Collective bargaining pays

The private sector-public sector salary gap is narrower in states where state employees have collective bargaining, however.

Bridge inspectors in collective bargaining states, for example, earn 17 percent more than their counterparts in non-collective bargaining states; chemists earn 19 percent more and correctional officers earn nearly 40 percent more.

Across all 45 occupations surveyed, the collective bargaining advantage averages about 14 percent.

The underlying reality, however, is that funding of pay increases and investment in public services depend on the state legislatures.

"We keep hearing that state governments are understaffed, unable to fill key vacancies, or losing skilled employees to the higher-paying private sector," says AFT president Edward J. McElroy. "The bottom line is that public structures and services drive our economy and way of life—roads and bridges, water and waste treat-ment, parks and libraries, public safety and food inspection, the list goes on. To continue to reap the benefits of these services, we must invest in them."

AFT Public Employees members Martha McLaskey and Jeff Feist represent two of the 45 job titles surveyed.

McLaskey is proud of her work to make sure members of the public get what they’re paying for at the gas pump or the grocery store.

Although sometimes she has to endure insults about being a public employee, says McLaskey, who has been a state products and standards inspector for 29 years, “when people figure out exactly what you are doing—protecting their [consumer] dollars—they say ‘thank you.’ It makes up for any negative remark.”

The veteran inspector with the Illinois Department of Agriculture’s bureau of weights and measures tests the accuracy of about 10,000 scales and gasoline pumps annually in her 24-county territory in southern Illinois. She also collects motor fuel samples—gasoline, diesel fuel and kerosene—that are lab tested for their octane rating, volatility, alcohol and water contents.

"I truly enjoy what I do," says McLaskey, a member of the AFT-affiliated Illinois Federation of Public Employees. "Not a whole lot of people can say that."

While part of McLaskey’s job is to make sure consumers are getting what they are paying for at the gas pump, Jeff Feist, an auditor with the North Dakota Department of Transportation, is making sure his state and others are getting their fuel tax revenues from interstate truckers.
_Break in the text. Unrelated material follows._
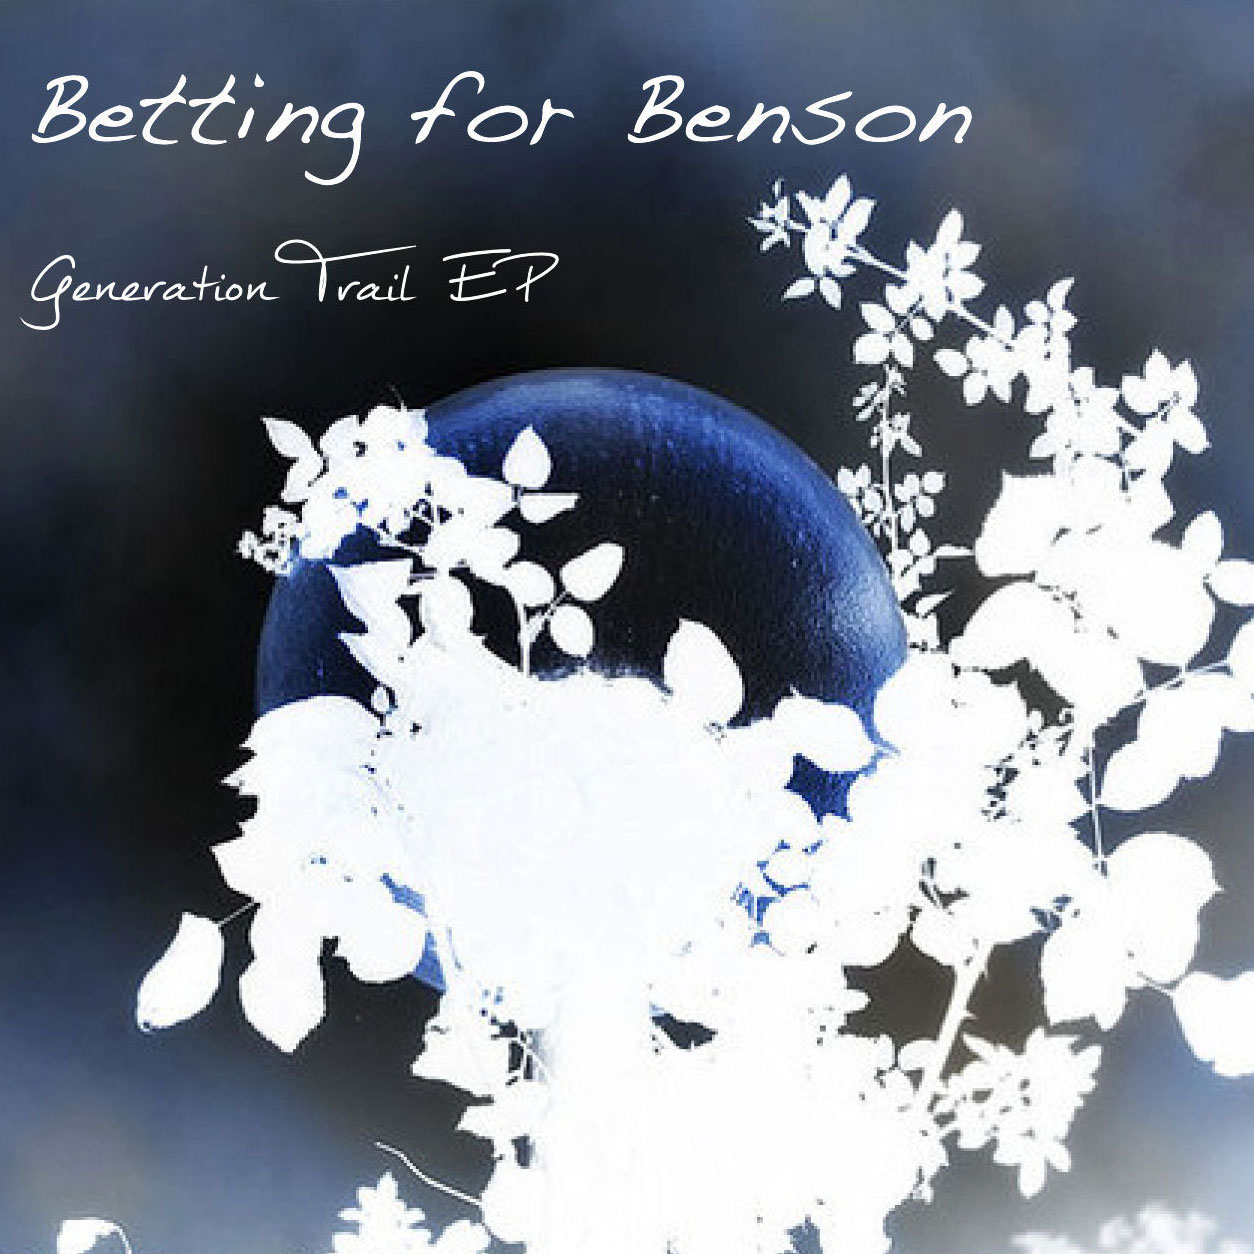 Generation Trail EP (2009)

Most of Feist’s time is spent on International Fuel Tax Association (IFTA) audits and International Registration Plan (IRP) audits. The job particulars may be esoteric, but the revenue to state coffers for infrastructure projects is not.

"Millions of dollars in fuel tax come into North Dakota through the IFTA-IRP groups," says Feist.

Under IFTA, a cooperative agreement among U.S. state governments, Canadian provinces and trucking firms, each state and province is responsible for auditing at least 3 percent of the carriers, whose base registration is in their jurisdiction, for all the jurisdictions the truckers have traveled in. The audits ensure that each jurisdiction receives fuel taxes for the number of miles a trucker has driven in each jurisdiction.

"It gets interesting when truckers go into 48 jurisdictions with 48 different tax rates," says Feist, a member of the North Dakota Public Employees Association, "and that is the simple part of the job."